As seguradoras, entre os alvos dos cibercriminosos
As seguradoras têm uma dupla face em relação à cibersegurança. Por deterem informações pessoais valiosas, elas próprias são um alvo privilegiado dos cibercriminosos e devem por isso ter uma proteção eficaz. Por outro lado, podem desenhar e vender seguros que protejam os seus clientes dos riscos cibernéticos, assim como ajudá-los a fazer face a um eventual ataque.
Vincent Van de Winckel (VVDW): No que diz respeito à salvaguardar a sua própria atividade, como devem as seguradoras proceder para se premunir dos riscos cibernéticos? Quais os processos chaves a implementar e monitorizar?
Mauro Almeida (MA): As seguradoras gerem milhões de dados pessoais e sensíveis dos seus clientes, informação critica para o seu negócio. Hoje, mais do que nunca, toda a gestão, controlo e guarda desta informação é suportada em sistemas informáticos, assistindo-se a uma total digitalização do negócio e da interação com os próprios clientes. A responsabilidade para com a segurança de informação, e cibersegurança, por parte das seguradoras ganha um peso acrescido pela quantidade e criticidade dos dados que são tratados e armazenados.
O acesso indevido a dados confidenciais das organizações, ou a sua adulteração, pode levar à perda de confiança por parte dos clientes, dano reputacional, perda de propriedade intelectual ou à aplicação de multas pelo incumprimento de regulamentos, ou normas, com as consequentes perdas financeiras. É por isso essencial que as seguradoras implementem preventivamente, por exemplo, soluções tecnológicas como a segmentação de redes, a monitorização de dispositivos, a implementação de mecanismos de multi-factor authentication (MFA), mecanismos de data loss prevention e de classificação e proteção de informação.
No entanto, em cibersegurança, não existe one-size-fit- all. A abordagem que defendo é a aquisição de soluções sob a perspetiva do ciber-risco, tendo a avaliação de risco como pedra basilar de uma estratégia de segurança robusta e holística. Esta abordagem permite às organizações a seleção adequada das soluções a adquirir, ou implementar, e garante uma aplicação eficiente do orçamento disponível e correta priorização do investimento com a consequente redução do ciber-risco.
VVDW: Qual o nível de conscientização das organizações em PT face ao risco cibernético? Há necessidade de campanhas de sensibilização? Por parte de quem?
MA: O ciber-risco já é um tema essencial nas agendas da gestão de topo das organizações que efetivamente o consideram como sendo um risco operacional. Isto é, um risco com o potencial de gerar um impacto negativo, e profundo, na organização, seja ele reputacional, financeiro, regulamentar ou capaz de gerar uma quebra de produção.
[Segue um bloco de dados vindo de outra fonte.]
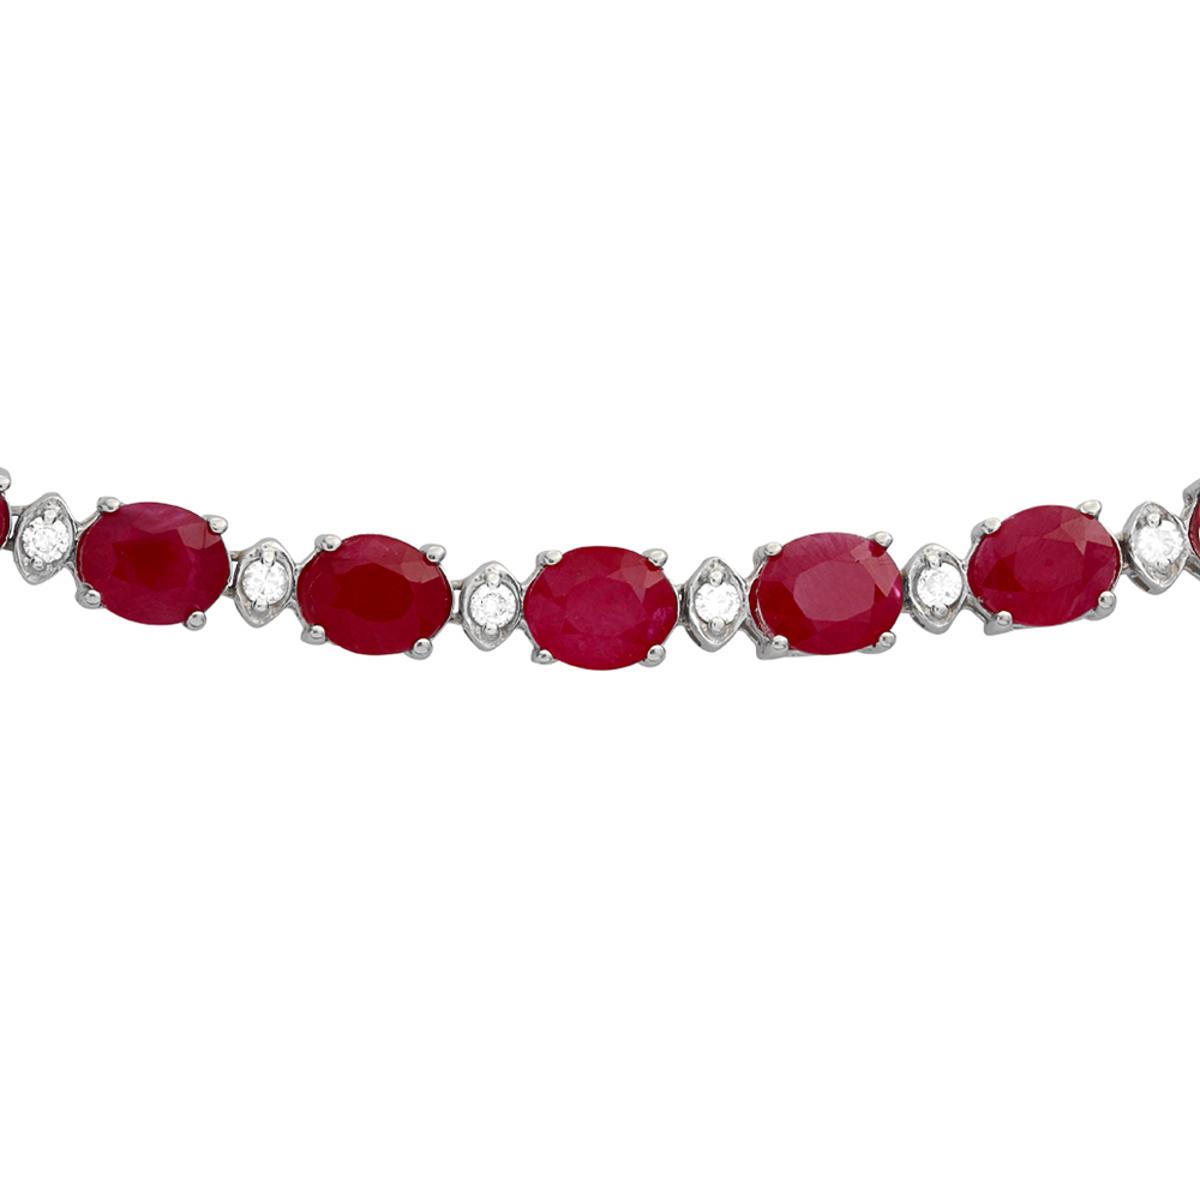 14k White Gold 38.51ct Ruby 1.49ct Diamond Necklace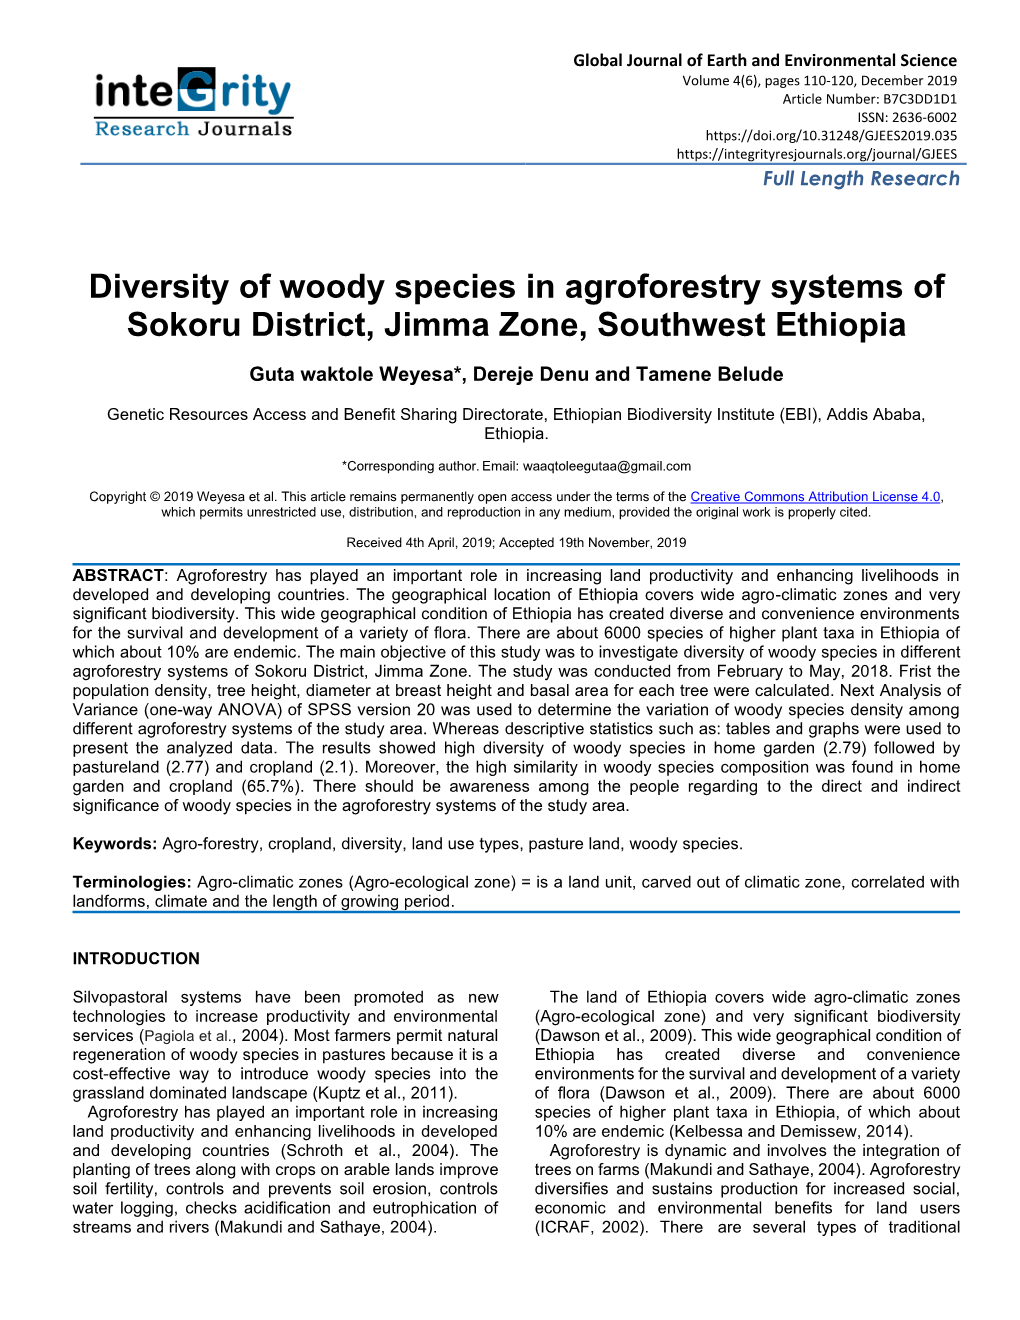 Diversity of Woody Species in Agroforestry Systems of Sokoru District, Jimma Zone, Southwest Ethiopia

No entanto, apesar de se assistir a um aumento da sensibilização das organizações para o ciber- risco, também se assiste a uma redução considerável no nível de confiança destas na sua capacidade de o gerir. Esta perda de confiança está muitas vezes associada à dificuldade que as empresas têm em compreender a probabilidade, e prioridade, de ocorrência desses riscos e como agir sobre eles.
Outro fator de risco para as organizações, e que não deve ser negligenciado, é o facto de que grande parte dos colaboradores das empresas não está sensibilizado para o tema e, por isso, não toma as devidas precauções. Este risco é acrescido com o aumento do trabalho remoto, uma vez que os colaboradores deixam de estar no perímetro da organização e passam a utilizar as suas redes pessoais, de casa, para aceder a informação confidencial e sensível, ou a ativos da organização. Estas redes domésticas não têm os mesmos controlos de segurança que as redes corporativas e são mais uma superfície de ataque, não controlada pelas organizações.
A par da adoção de algumas medidas tecnológicas, é essencial trabalhar a segurança na perspetiva da formação e sensibilização dos colaboradores. Não é suficiente investir nos melhores serviços, adquirir o melhor hardware e software e definir processos internos, se não houver investimento nos colaboradores, que são quem realmente vai estar na frente da batalha contra ciberameaças. É errado pensar que os utilizadores são o elo mais fraco na segurança da informação das organizações, quando na verdade têm o potencial para ser o elemento mais forte de uma empresa na proteção contra ameaças de segurança.